All Cassie Rice wants to do is coach.

The Henderson gym owner wishes she didn’t have to require her staff and kids to wear hot, stuffy masks during practice. She doesn’t want to be thinking about her employees’ vaccination status. She’s a gymnastics coach, not a doctor, epidemiologist or virologist.

But she also doesn’t want to see any of her youngest gymnasts, not yet eligible for the shot, fall ill with COVID-19. She doesn’t want another employee out on quarantine. She doesn’t want to see her gymnastics team lose its third dad in a year and a half to the virus.

For the last several weeks, Rice has been gently nudging her employees to get vaccinated. She has sent emails sharing vaccine research and data. She has told her staff she prefers they get the shot. She isn’t hiring anyone new that is unvaccinated.

The nudging has only gone so far, though. Rice estimates there are about 15 unvaccinated holdouts among 90 employees between her family’s Henderson and Summerlin gyms.

When one told Rice she believed there was still too much “mystery” around the vaccine, Rice tried to persuade her with an analogy.
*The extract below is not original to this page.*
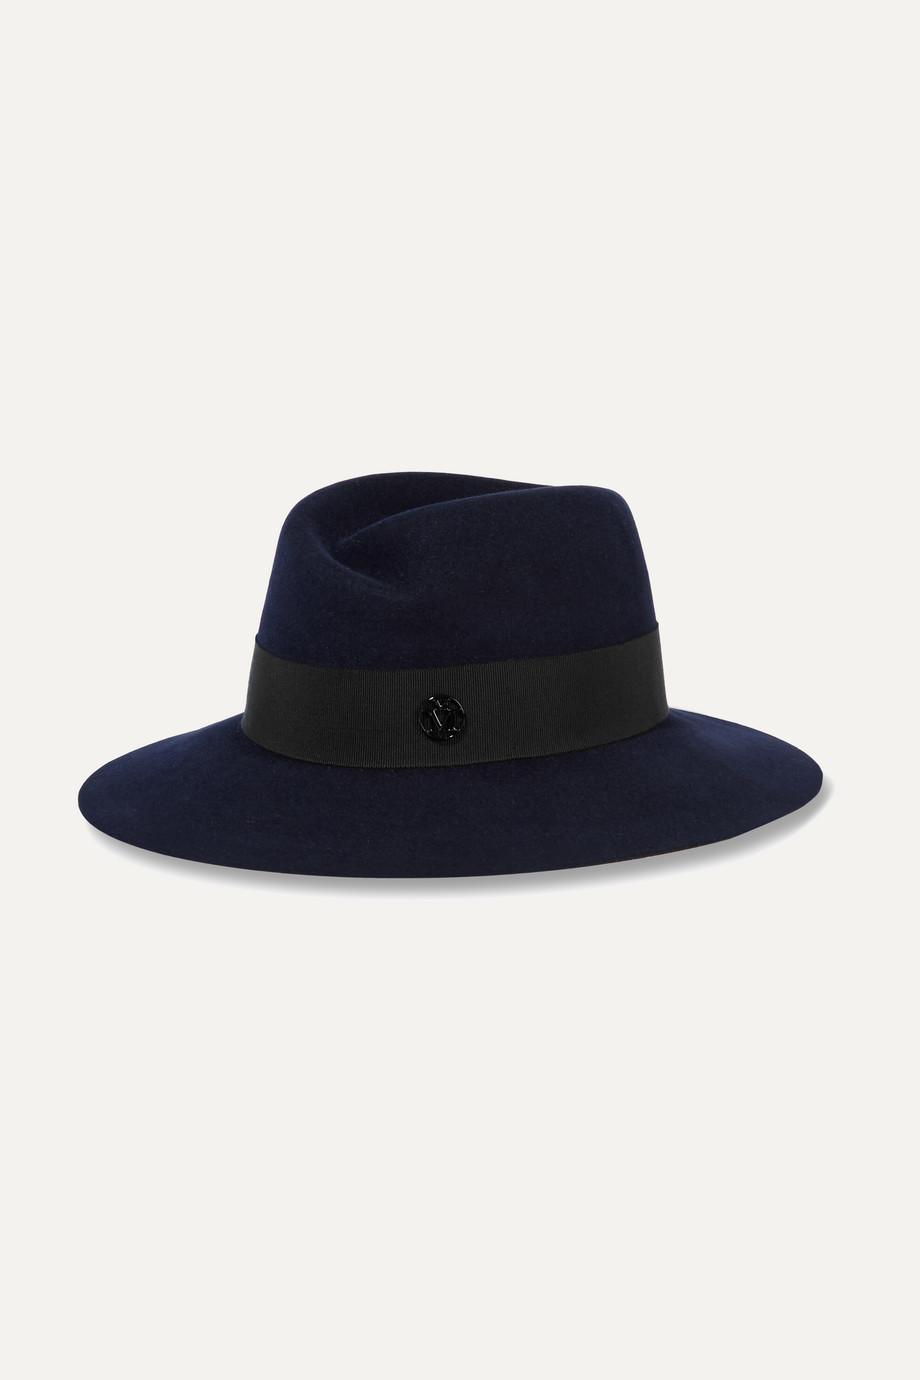 Maison Michel Virginie 兔毛毡浅顶卷檐帽

“I just said, ‘I think when you’re thinking about being an expert, I’m an expert in the field of gymnastics, so people can ask me questions about that. But we are not experts in epidemiology or science in any way. We have to defer to people who study this for a living,’” Rice said. “‘A parent can’t come in and tell me the better way to teach this gymnastics move. They don’t know. That’s how it should be with this.’”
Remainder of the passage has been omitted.